I really don’t think Jesus cared about establishing a new religious institution that would overshadow the sick one that dominated Israel at the time. Jesus did care about spiritual transformation, and that’s what these parables are about. Jesus wanted us to be able to see the nearness of God’s kingdom regardless of how far from the kingdom of God our institutions may wander.
I realize that I might be presenting our institutional health and life in some negative light, but I actually find these parables to be powerfully positive. What I hear Jesus saying is that the kingdom of God can grow under any circumstances. I hear him saying that you can’t keep it from growing and you can’t imagine how large it can get – regardless of the numbers that can be statistically reported.
It may well be that we have more God-loving, kingdom-dwelling Christians in this sanctuary on a below average Sunday morning than Winfield Methodist Church had on Easter Day in 1946 when this place was bursting with people. It’s hard to measure such things, but I don’t think we will ever be successful at measuring the manifestation of God’s kingdom on earth. It’s not something that we will ever be able to control or coordinate, and I thank God for that.

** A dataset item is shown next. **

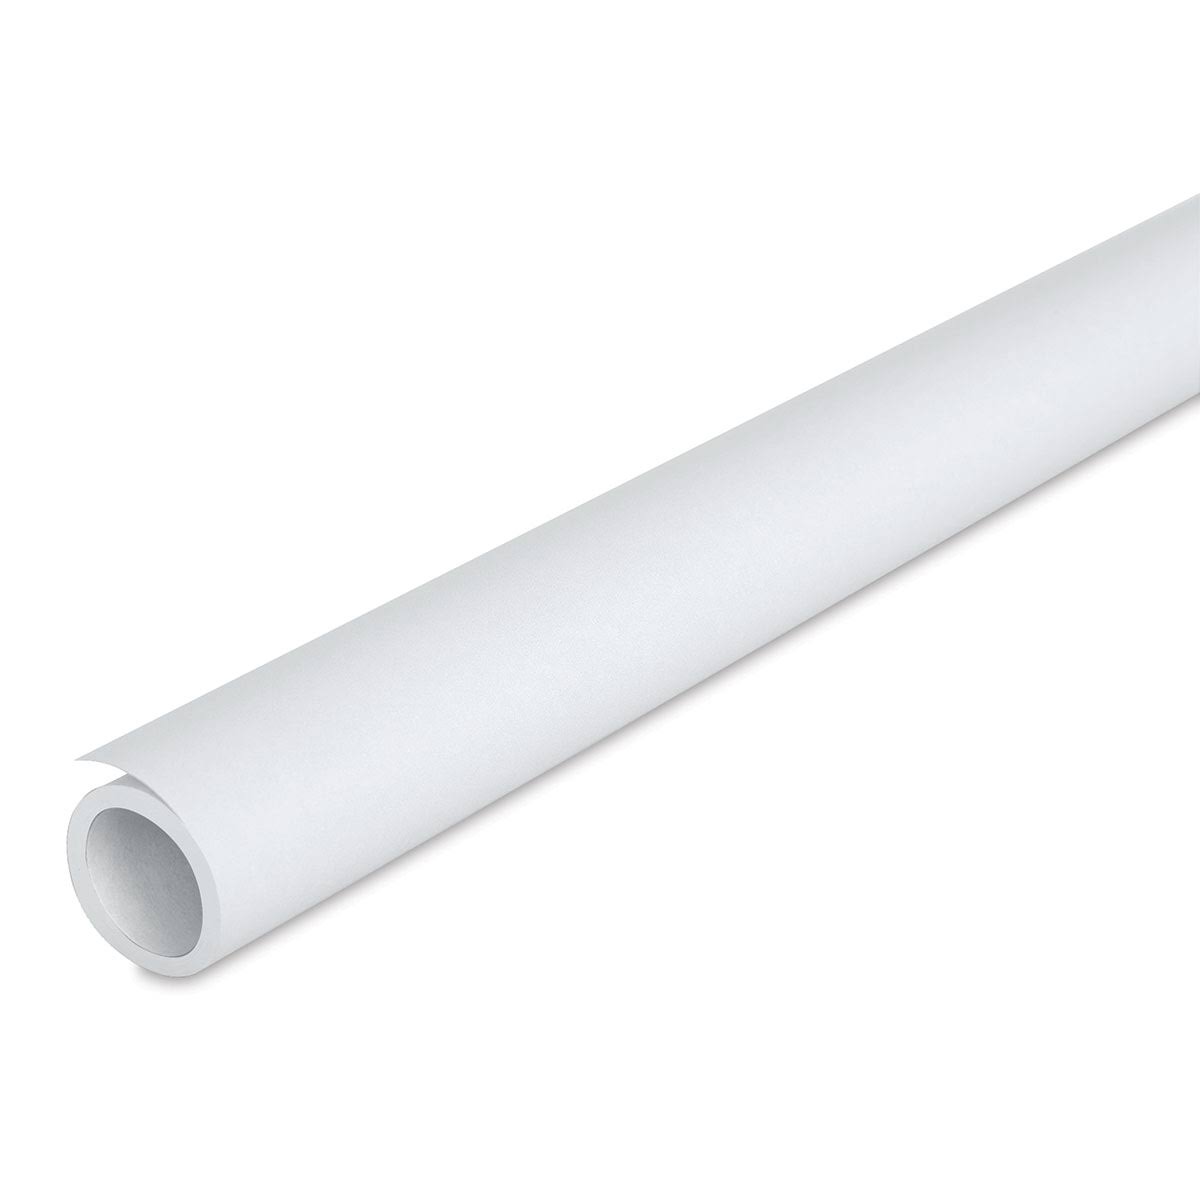 Pacon Fadeless Colored Paper Rolls - White, 24 in. x 12 ft

I don’t discount the value of measuring certain things. You need people and money to operate a church, and it’s good to keep track of how you are spending the money that people give out of devotion to God. But the truth is that people can find their way in to God’s kingdom on either side of the doors of any church – large or small.
I love this beautiful building, and I love the church that abides within this place. I believe that growth is a possibility for this church, and I hope it happens. I genuinely want this church to succeed, but on another level I don’t even think it matters. And that’s another reason it’s a good thing that I’m about to relocate – because when it comes down to it I really don’t care about the numbers. This church needs some better numbers, and unfortunately I’m not very driven to succeed in that way.
It’s not just that I’m lazy or inept. It’s also that I’m inclined to believe that God doesn’t need a giant church to spread the good news in unfathomable ways. One person who has become infected by the love of God can infect an immeasurable number of other people, and that’s why the kingdom of God continues to thrive in this world.
Churches come and churches go, preachers come and preachers go, but God has chosen to be with us in an eternally unfailing way.
The Kingdom of God is like a seed, and its growth is out of our hands. Thanks be to God! Amen.